[[ Given data open ]]

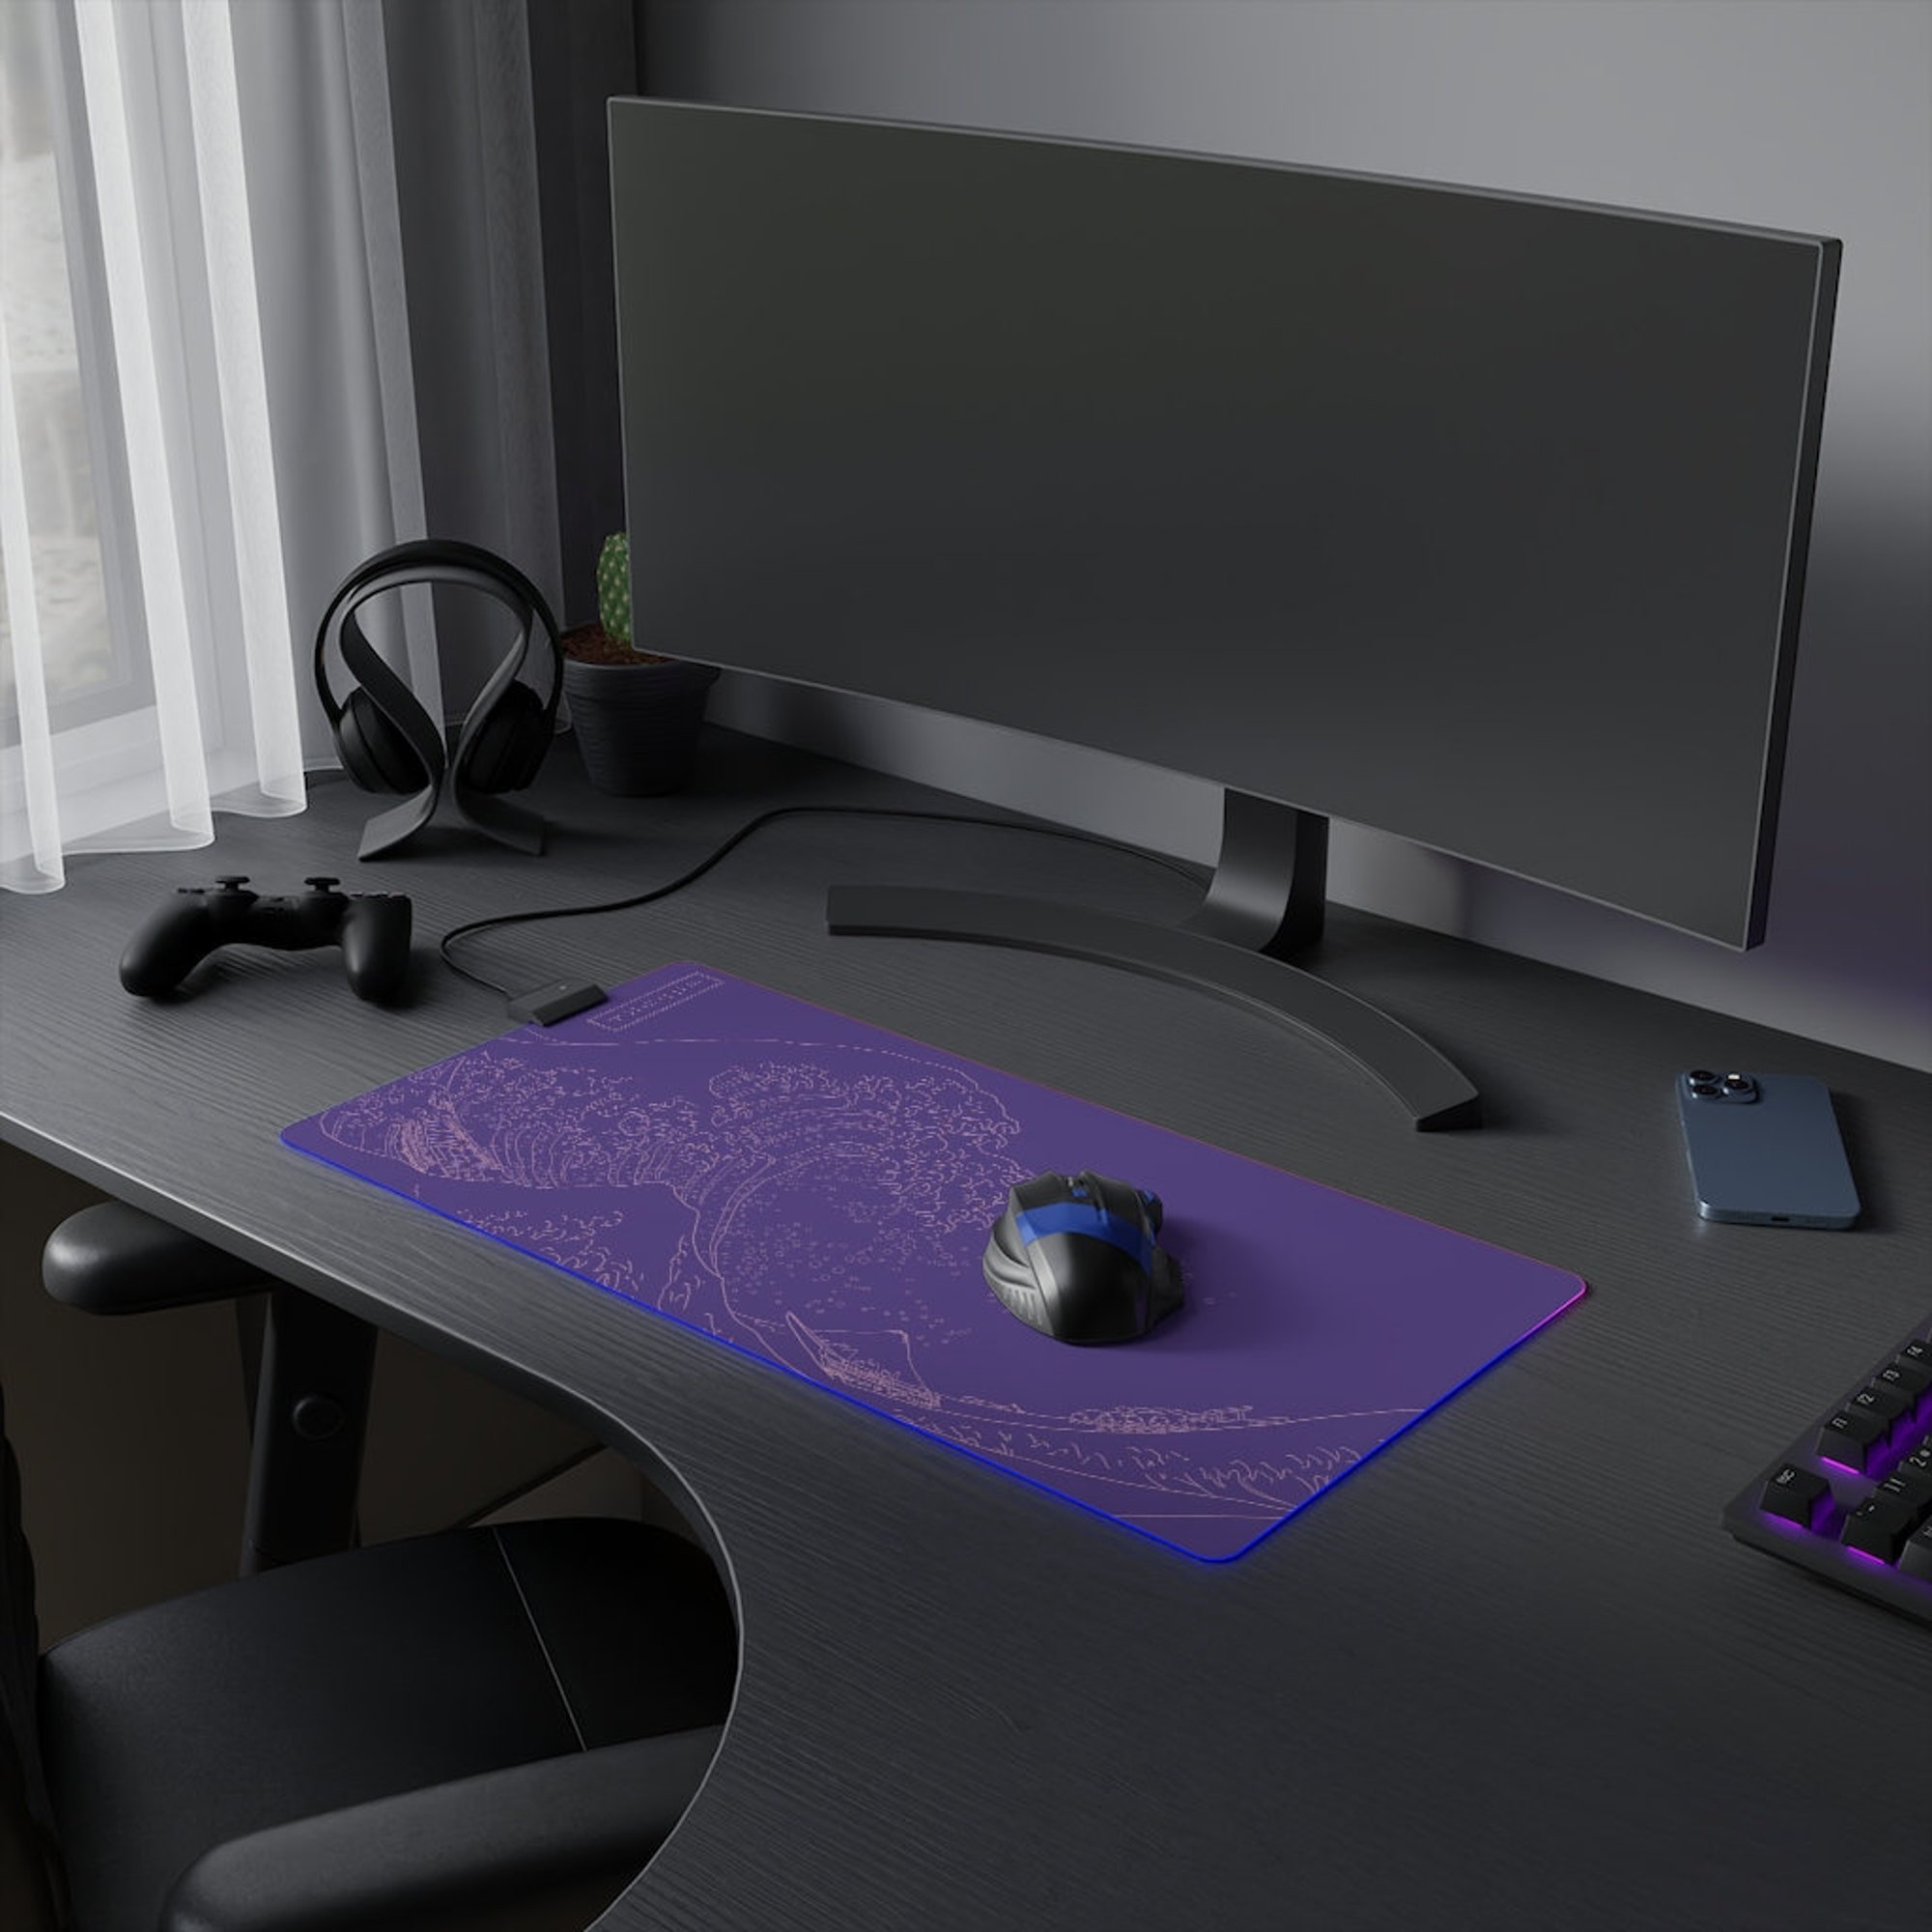 Sewn Edges Japanese LED desk mat, Purple Gaming Mouse Pad
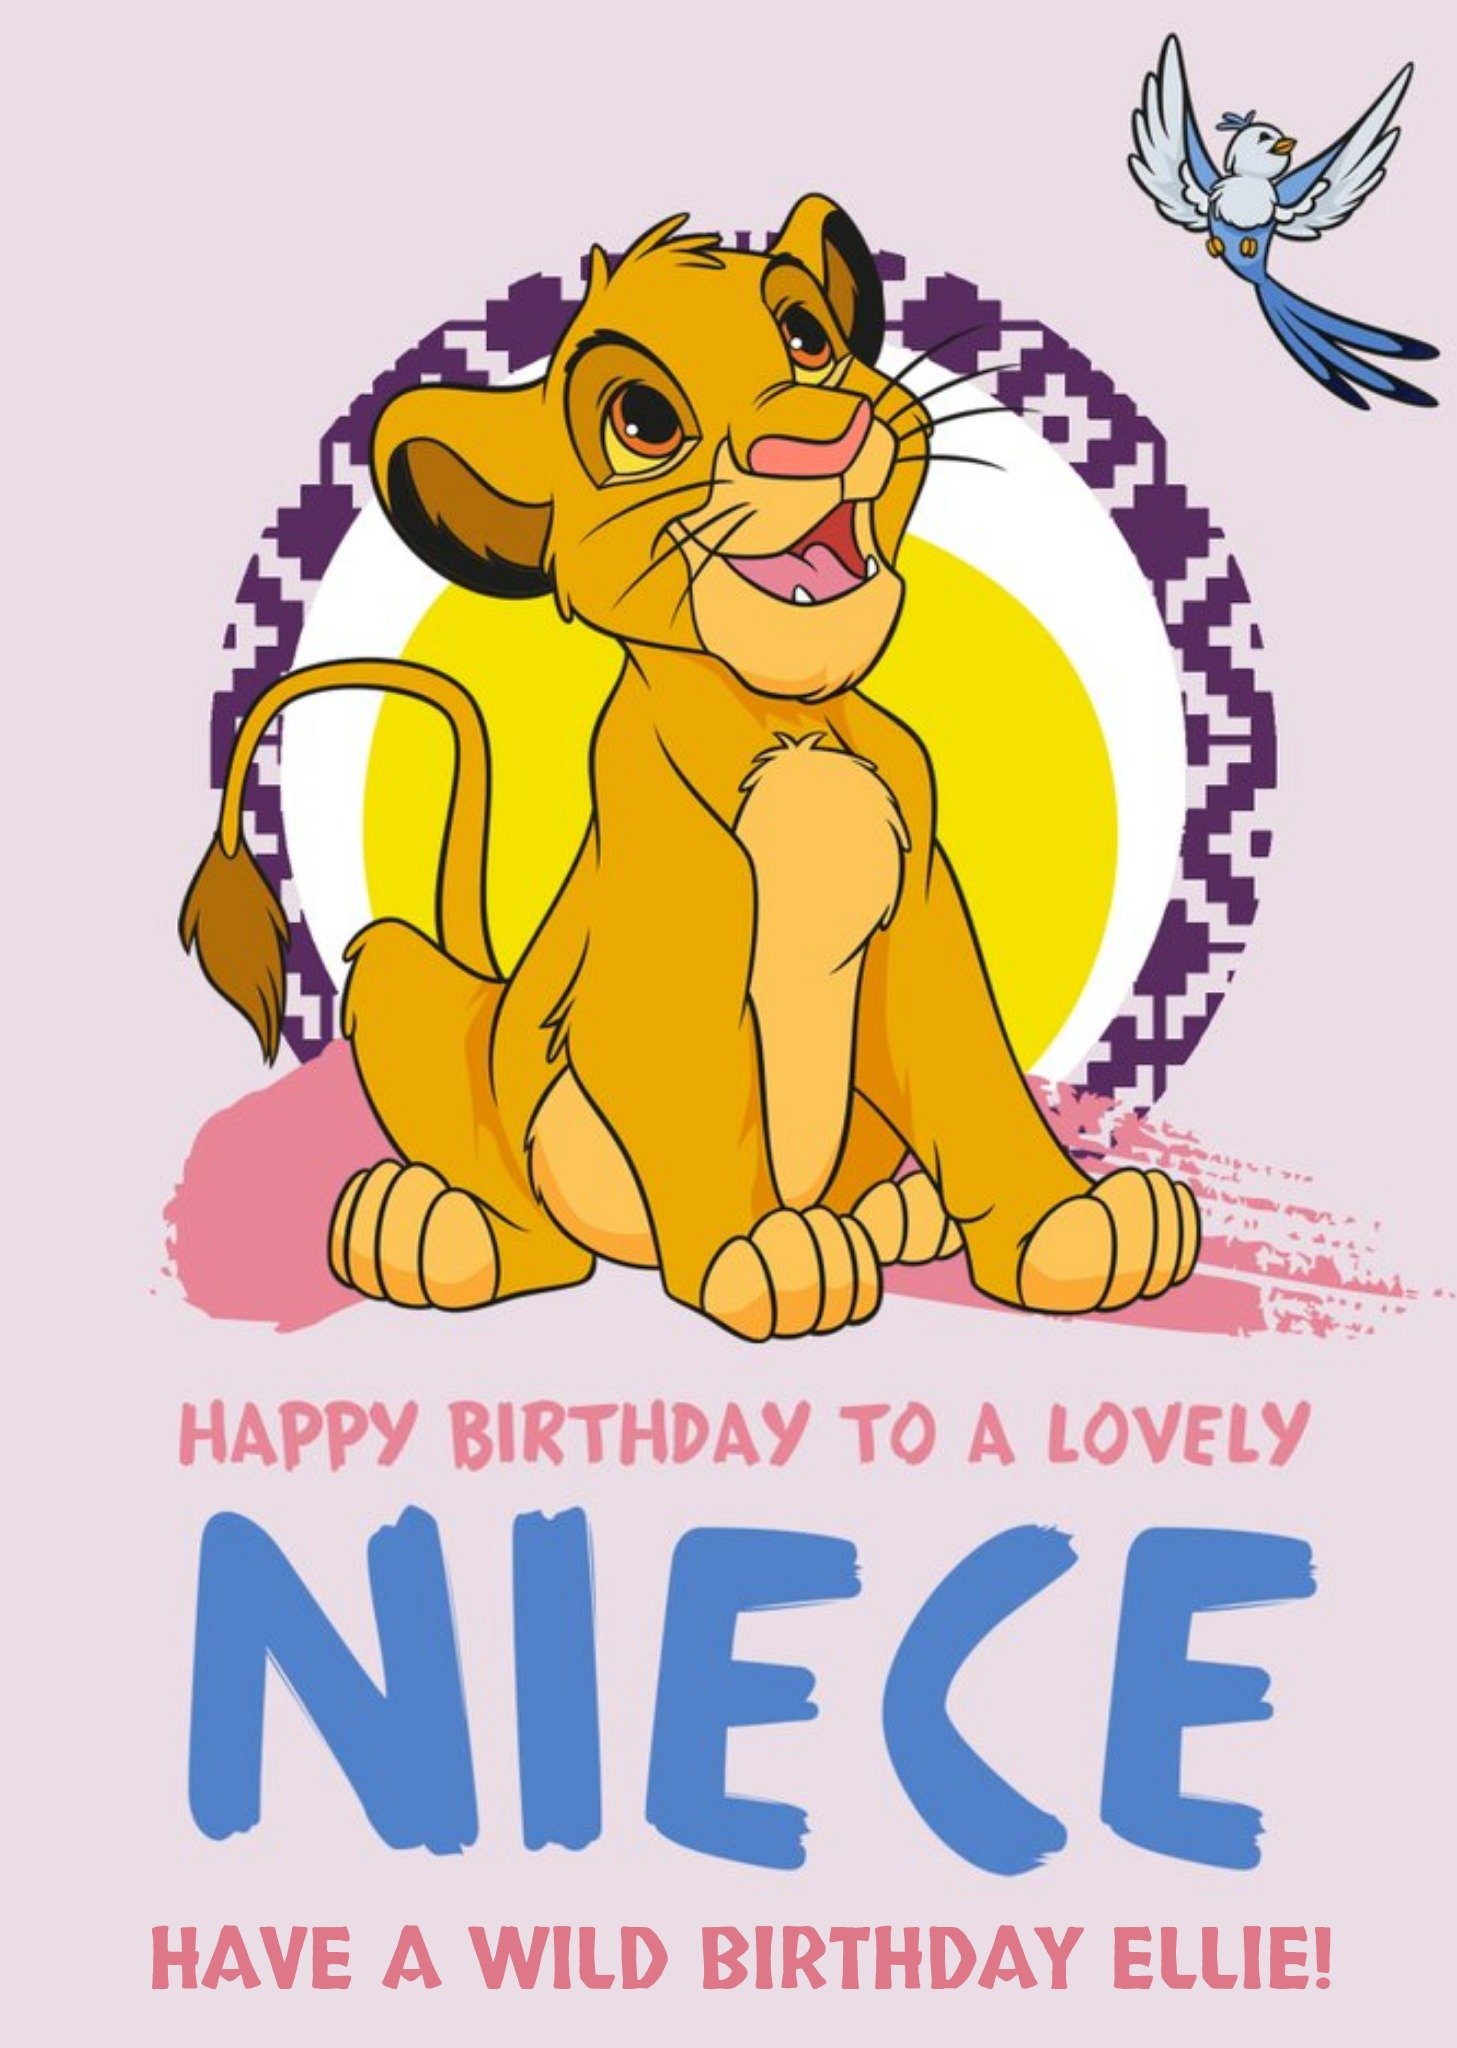 Disney Lion King Happy Birthday Card - To A Lovely Niece Ecard
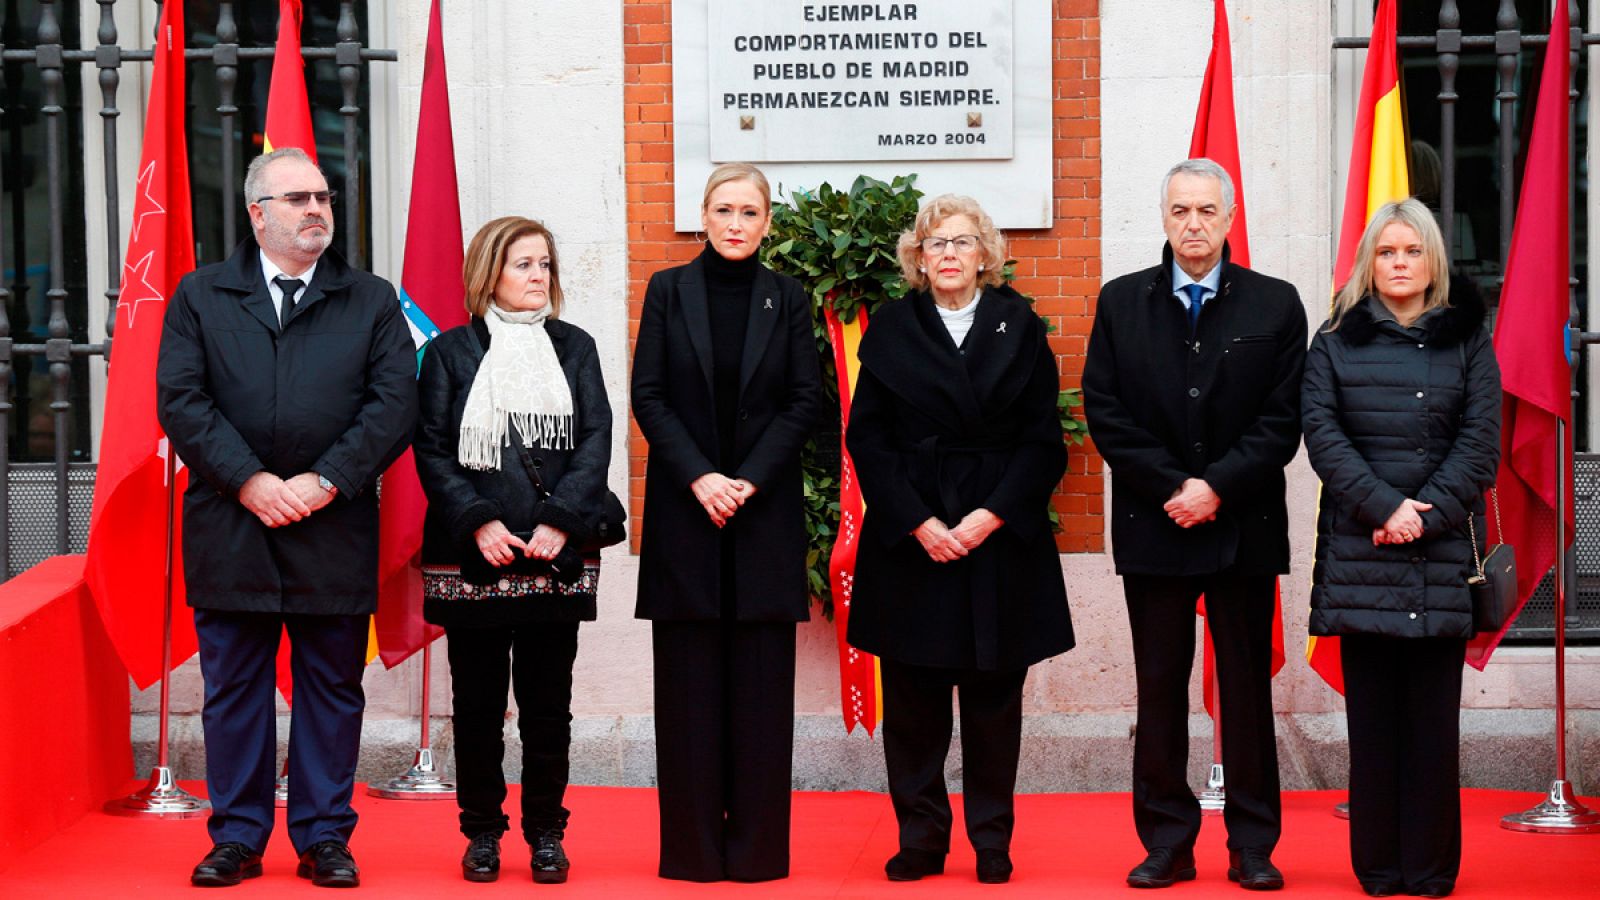 11M: homenaje institucional a las víctimas del 11M en la Puerta del Sol

[[ Given data closed ]]

» Exercise details:
Copy out the material exactly as it stands, though no picture should appear in the copy.

» Result for this exercise:
 Sewn Edges Japanese LED desk mat, Purple Gaming Mouse Pad
 Disney Lion King Happy Birthday Card - To A Lovely Niece Ecard
 11M: homenaje institucional a las víctimas del 11M en la Puerta del Sol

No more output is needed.